По обеим сторонам ворот стояли здоровенные охранники в черной униформе, всего человек десять. Ноги широко расставлены. Фуражки низко надвинуты, лиц не видно. Блестящие сапоги, галифе, ремни с пряжками, портупеи, рукава закатаны до локтя. Вид эти ребята имели довольно неприветливый, вооружены были до зубов. Кроме пистолета в кобуре у каждого был автомат, кинжал в кожаных ножнах. При нашем появлении охранники вытянулись в струнку, по стойке смирно.
– Вот мы и дома, – радостно сообщила моя спутница, – устали, бедняжка, глазки слипаются.
Я ничего не ответил, даже не взглянул на нее. Я смотрел по сторонам и с удовольствием вдыхал чистый ароматный воздух. Вокруг была чудесная сосновая роща. Широкая аллея вела к красивому трехэтажному особняку в классическом стиле, с белыми колоннами, кариатидами, львами. Окна были ярко освещены, играла музыка, какой-то приятный полонез. Автомобиль объехал здание и остановился с тыльной стороны, возле неприметной двери.
– Какой вы бука, – сказала дама, – надулись, разговаривать со мной не хотите. Ну что плохого я сделала? Не оставила вас ночевать на вокзале, привезла в чудесное местечко, ну-ка, вылезайте!
Я не сдвинулся с места, хотя отлично понимал, как это глупо. Но беда в том, что я совершенно не могу действовать по команде. Если бы она не приказывала, не хлопала в ладоши, я бы, разумеется, вылез, ничего больше мне не оставалось делать.

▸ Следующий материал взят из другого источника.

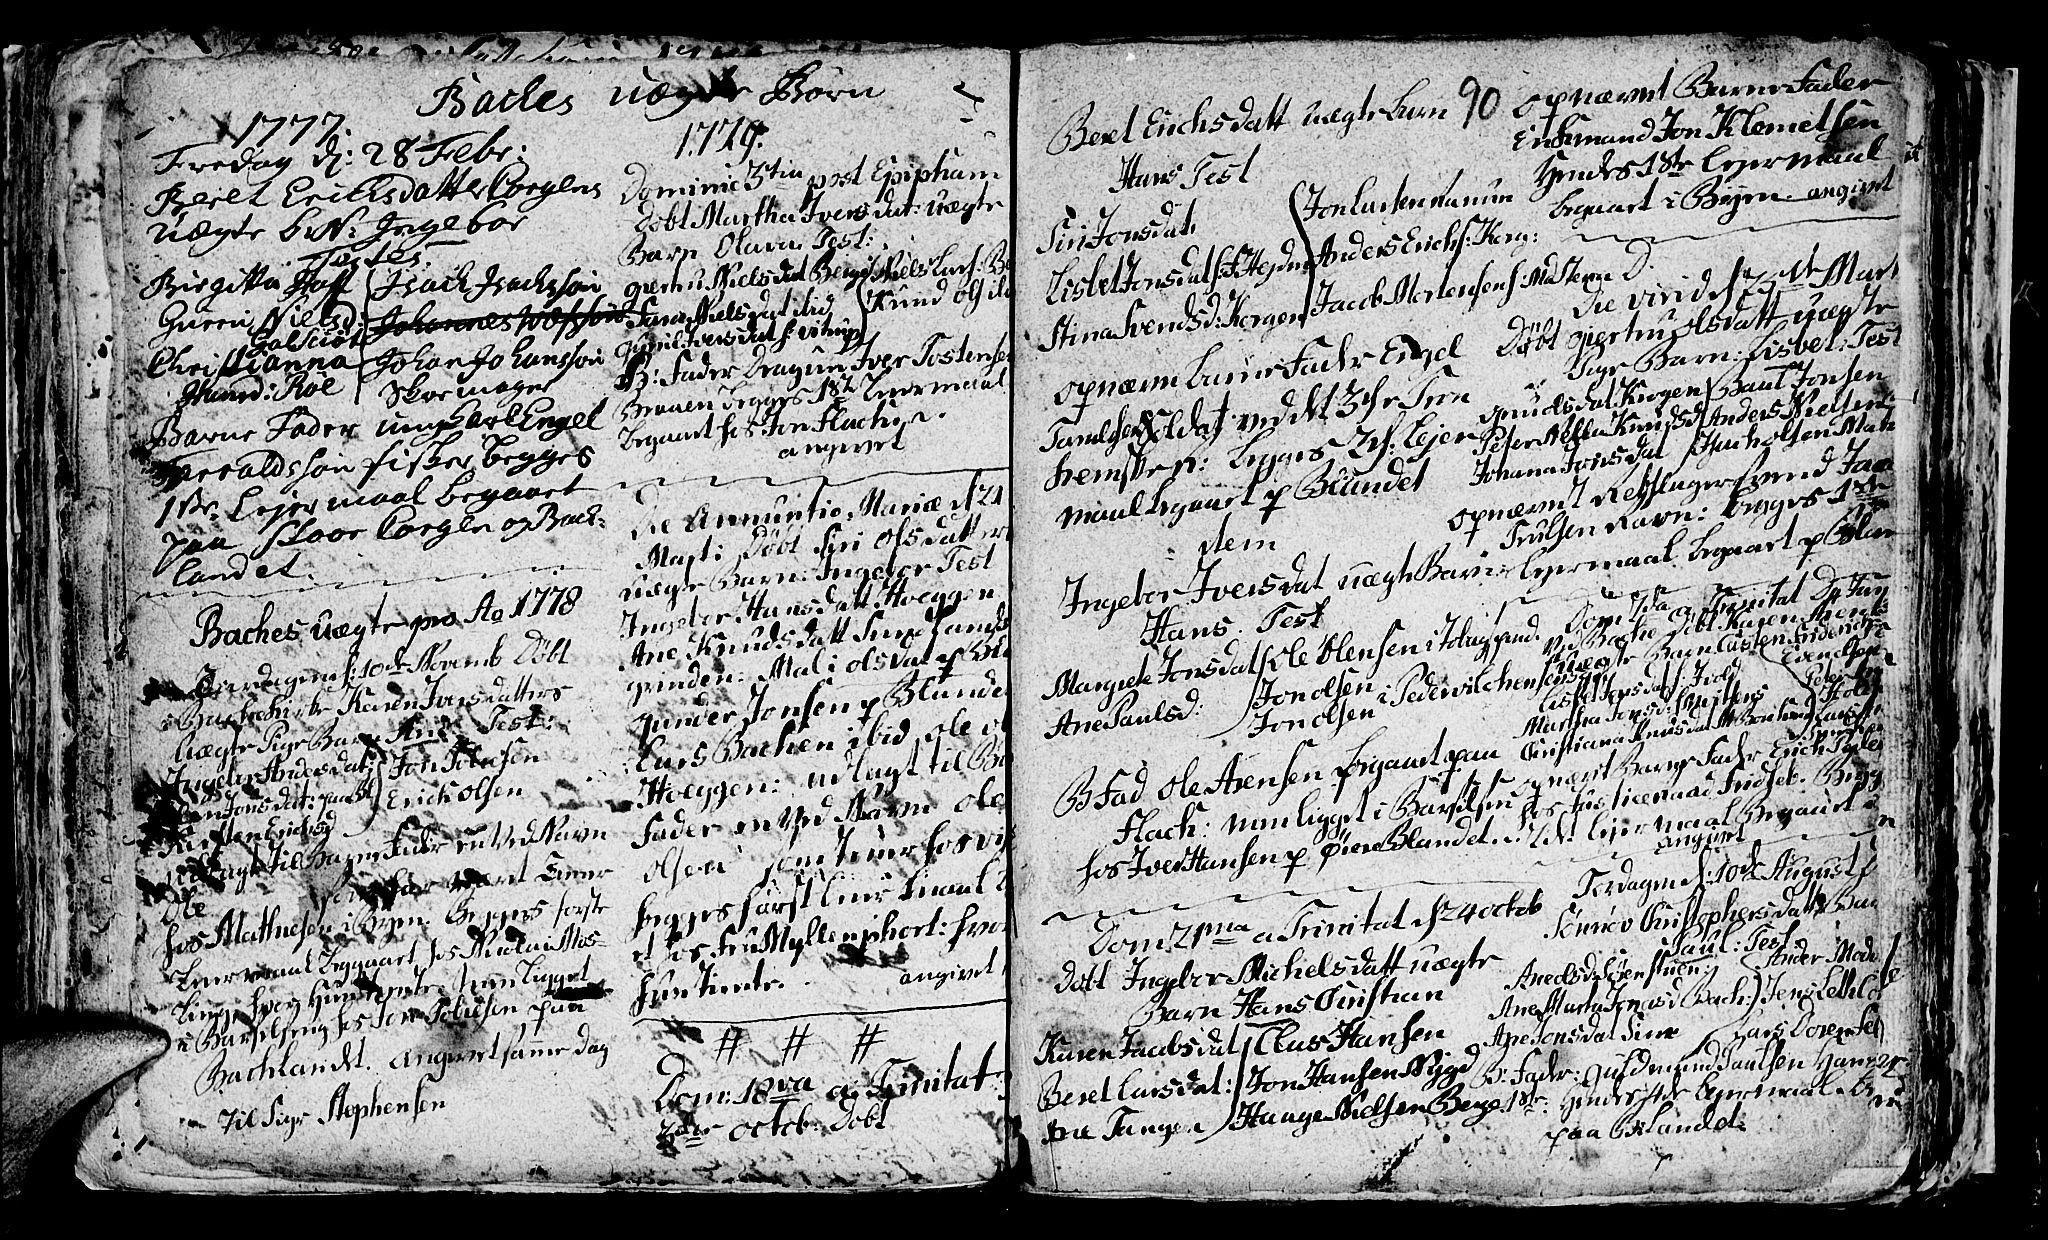 SAT, Ministerialprotokoller, klokkerbøker og fødselsregistre - Sør-Trøndelag, 604/L0218: Klokkerbok nr. 604C01, 1754-1819, s. 90

– Шевелись, айда на свежий воздух, глупышка, ой, какие мы упрямые, ай, как нам не стыдно! – проблеял Густав.
Они оба уже были снаружи, стояли у открытой задней дверцы, с моей стороны.
– Ну, хватит дурачиться, мы вам только добра желаем, – сказала дама, – быстро вылезайте, раз, два три!

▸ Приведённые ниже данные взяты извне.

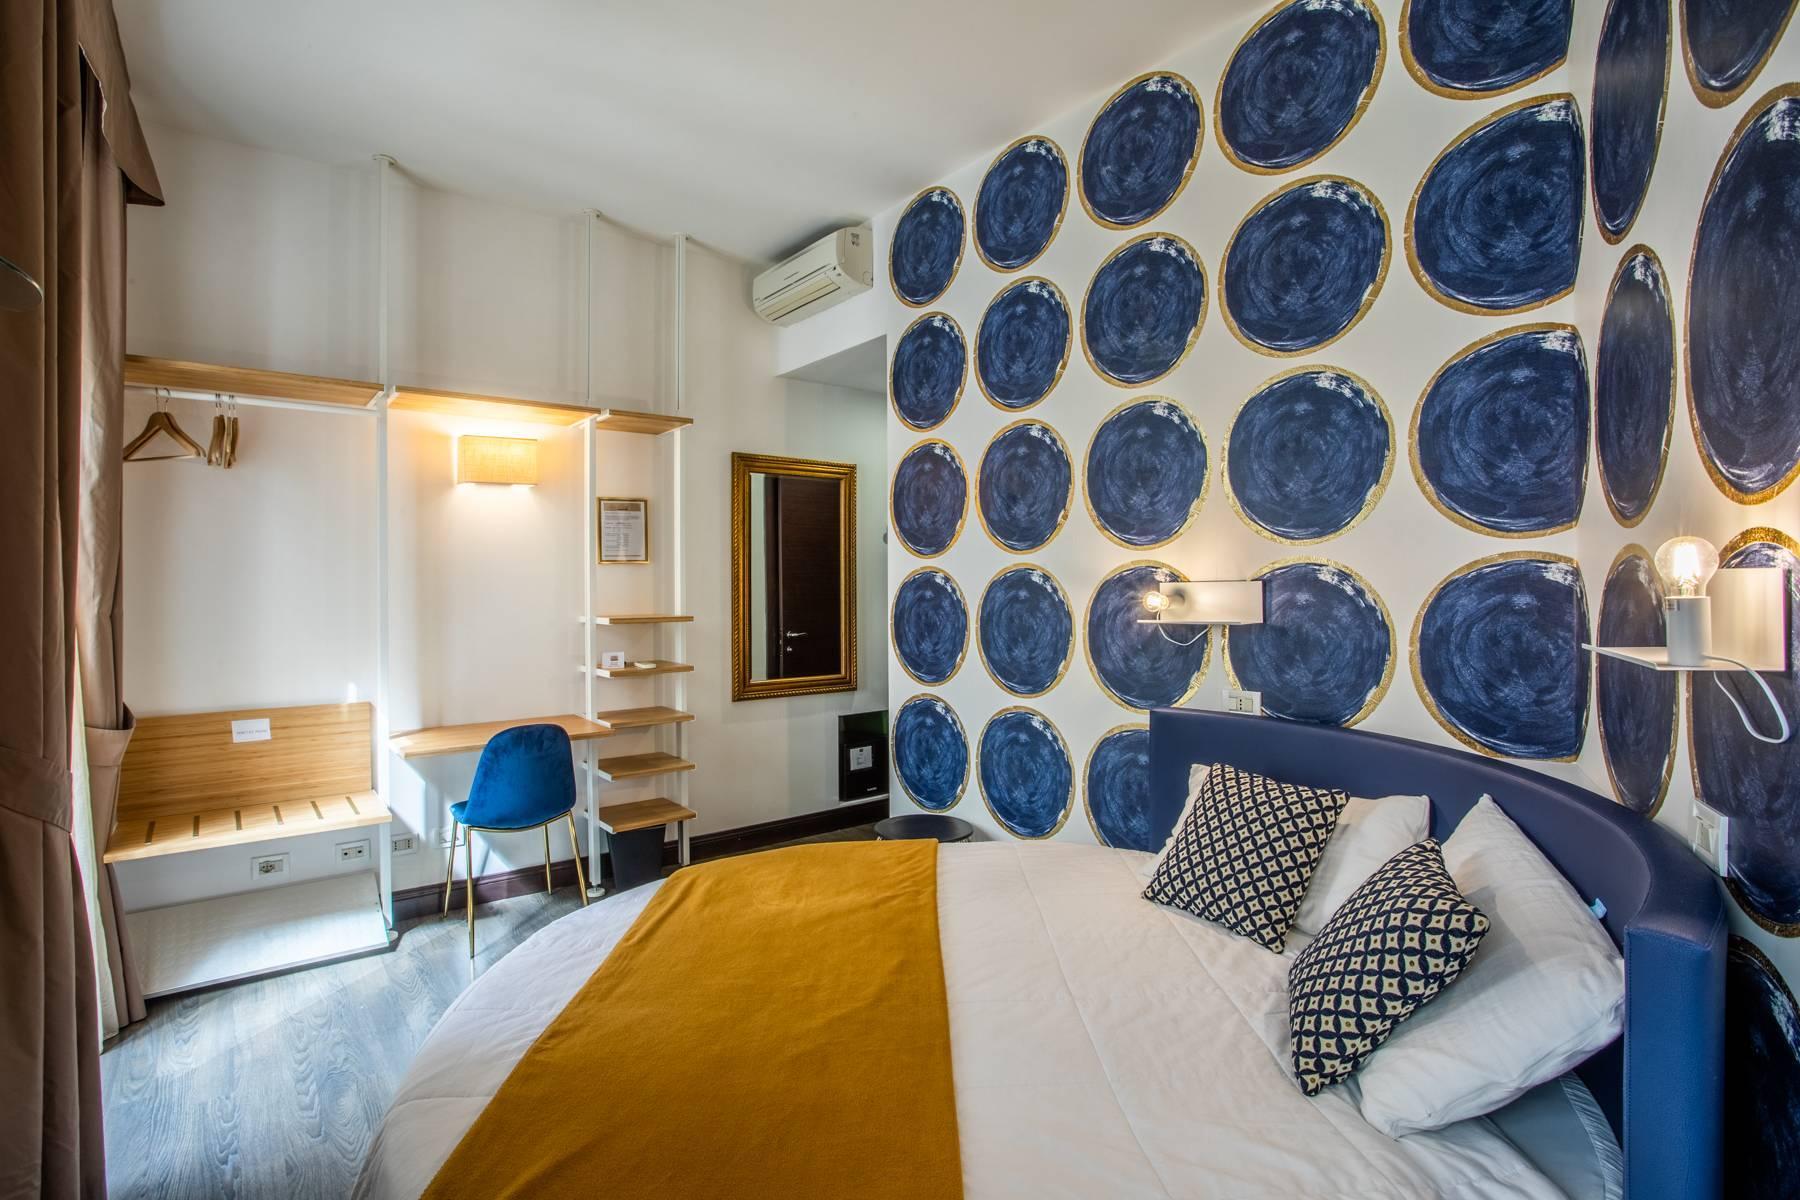 Appartamento dal design moderno a pochi passi da piazza del Popolo - 16

Наверное, я бы все-таки подчинился, но взгляд мой случайно упал на ключи зажигания, они торчали возле руля. Брелок, резиновый мышонок Микки, улыбался мне как старый добрый приятель, как будто хотел сказать: не бойся, я с тобой! Мне хватило доли секунды, чтобы захлопнуть дверцу, перескочить на водительское сиденье. «Мерседес» как будто ждал этого, он сорвался с места и помчался вперед, мимо особняка, по аллее, в мягкий полумрак сосновой рощи».
* * *
Москва, 1918
Посол Советской России в Германии товарищ Иоффе жаловался, что немцы замучили его официальными запросами о судьбе царской семьи. Представители Вильгельма II, герцога Гессен-Дармштадского, брата Александры Федоровны, урожденной Алисы Гессенской, требовали ответа – где она? Где дети? Иоффе не знал, что сказать. Из Москвы ему официально сообщили лишь о казни Николая Романова.
– Пусть Иоффе ничего не знает, – заявил вождь Дзержинскому, – ему там, в Берлине, легче врать будет.
Дзержинский зашел к Ильичу попрощаться. Он ненадолго уезжал в Швейцарию. Обязанности председателя ВЧК временно выполнял его заместитель, Яков Петерс, сумрачный молодой латыш с бурным революционным прошлым. Ходили слухи, будто Петерс состоит в Британской социалистической партии, женат на богатой англичанке. Правда ли это, Федор не знал, английским бывший пастушок из Курляндской губернии владел в совершенстве, а по-русски говорил с сильным акцентом.
Феликс Эдмундович отправлялся в Швейцарию нелегально, по фальшивым документам, с какой-то таинственной финансовой миссией, а по официальной версии – затем, чтобы забрать в Москву жену и сына. Путь его лежал через Берлин, где он собирался встретиться с Иоффе.
Глеб Иванович Бокий прислал вождю очередную порцию перехваченных и расшифрованных секретных донесений из немецкого посольства. Новый посол Гельферих, сменивший убитого Мирбаха, был таким же категорическим противником финансовой поддержки правительства большевиков. Он утверждал, что довольно небольшого удара, и призрачный большевистский режим рассыплется на части.
«Общественное мнение будет настроено против нас из-за того, что станет рассматривать нас как друзей и защитников большевиков».